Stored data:

※

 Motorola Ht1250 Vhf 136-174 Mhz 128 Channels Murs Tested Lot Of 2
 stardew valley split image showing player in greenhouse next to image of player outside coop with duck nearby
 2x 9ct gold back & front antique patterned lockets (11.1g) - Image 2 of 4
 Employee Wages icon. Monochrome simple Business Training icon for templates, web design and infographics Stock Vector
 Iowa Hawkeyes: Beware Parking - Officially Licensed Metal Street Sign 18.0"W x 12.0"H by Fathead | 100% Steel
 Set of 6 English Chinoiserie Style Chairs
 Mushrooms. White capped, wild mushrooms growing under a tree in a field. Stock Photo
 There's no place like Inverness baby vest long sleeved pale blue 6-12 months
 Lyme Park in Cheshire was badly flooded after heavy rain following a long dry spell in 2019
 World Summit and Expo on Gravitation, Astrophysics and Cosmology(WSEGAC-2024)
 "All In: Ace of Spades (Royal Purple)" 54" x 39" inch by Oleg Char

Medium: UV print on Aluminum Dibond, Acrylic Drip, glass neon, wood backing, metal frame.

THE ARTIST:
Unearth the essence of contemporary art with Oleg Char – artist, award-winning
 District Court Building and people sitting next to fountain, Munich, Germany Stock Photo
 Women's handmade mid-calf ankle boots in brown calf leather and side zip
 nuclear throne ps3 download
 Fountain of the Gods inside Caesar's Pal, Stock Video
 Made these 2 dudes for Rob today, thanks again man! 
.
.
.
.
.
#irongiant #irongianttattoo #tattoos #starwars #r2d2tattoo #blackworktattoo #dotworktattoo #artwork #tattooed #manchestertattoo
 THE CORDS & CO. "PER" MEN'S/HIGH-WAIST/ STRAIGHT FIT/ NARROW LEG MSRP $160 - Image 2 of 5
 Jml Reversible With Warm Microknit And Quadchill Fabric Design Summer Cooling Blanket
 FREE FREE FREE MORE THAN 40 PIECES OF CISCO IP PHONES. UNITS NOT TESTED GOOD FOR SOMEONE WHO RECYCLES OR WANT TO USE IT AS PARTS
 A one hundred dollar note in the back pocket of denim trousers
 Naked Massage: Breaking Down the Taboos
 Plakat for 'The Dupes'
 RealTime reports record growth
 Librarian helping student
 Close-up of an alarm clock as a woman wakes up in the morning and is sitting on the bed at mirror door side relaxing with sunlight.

※

Extract the data in full. Keep it word for word.

 Motorola Ht1250 Vhf 136-174 Mhz 128 Channels Murs Tested Lot Of 2
 stardew valley split image showing player in greenhouse next to image of player outside coop with duck nearby
 2x 9ct gold back & front antique patterned lockets (11.1g) - Image 2 of 4
 Employee Wages icon. Monochrome simple Business Training icon for templates, web design and infographics Stock Vector
 Iowa Hawkeyes: Beware Parking - Officially Licensed Metal Street Sign 18.0"W x 12.0"H by Fathead | 100% Steel
 Set of 6 English Chinoiserie Style Chairs
 Mushrooms. White capped, wild mushrooms growing under a tree in a field. Stock Photo
 There's no place like Inverness baby vest long sleeved pale blue 6-12 months
 Lyme Park in Cheshire was badly flooded after heavy rain following a long dry spell in 2019
 World Summit and Expo on Gravitation, Astrophysics and Cosmology(WSEGAC-2024)
 "All In: Ace of Spades (Royal Purple)" 54" x 39" inch by Oleg Char

Medium: UV print on Aluminum Dibond, Acrylic Drip, glass neon, wood backing, metal frame.

THE ARTIST:
Unearth the essence of contemporary art with Oleg Char – artist, award-winning
 District Court Building and people sitting next to fountain, Munich, Germany Stock Photo
 Women's handmade mid-calf ankle boots in brown calf leather and side zip
 nuclear throne ps3 download
 Fountain of the Gods inside Caesar's Pal, Stock Video
 Made these 2 dudes for Rob today, thanks again man! 
.
.
.
.
.
#irongiant #irongianttattoo #tattoos #starwars #r2d2tattoo #blackworktattoo #dotworktattoo #artwork #tattooed #manchestertattoo
 THE CORDS & CO. "PER" MEN'S/HIGH-WAIST/ STRAIGHT FIT/ NARROW LEG MSRP $160 - Image 2 of 5
 Jml Reversible With Warm Microknit And Quadchill Fabric Design Summer Cooling Blanket
 FREE FREE FREE MORE THAN 40 PIECES OF CISCO IP PHONES. UNITS NOT TESTED GOOD FOR SOMEONE WHO RECYCLES OR WANT TO USE IT AS PARTS
 A one hundred dollar note in the back pocket of denim trousers
 Naked Massage: Breaking Down the Taboos
 Plakat for 'The Dupes'
 RealTime reports record growth
 Librarian helping student
 Close-up of an alarm clock as a woman wakes up in the morning and is sitting on the bed at mirror door side relaxing with sunlight.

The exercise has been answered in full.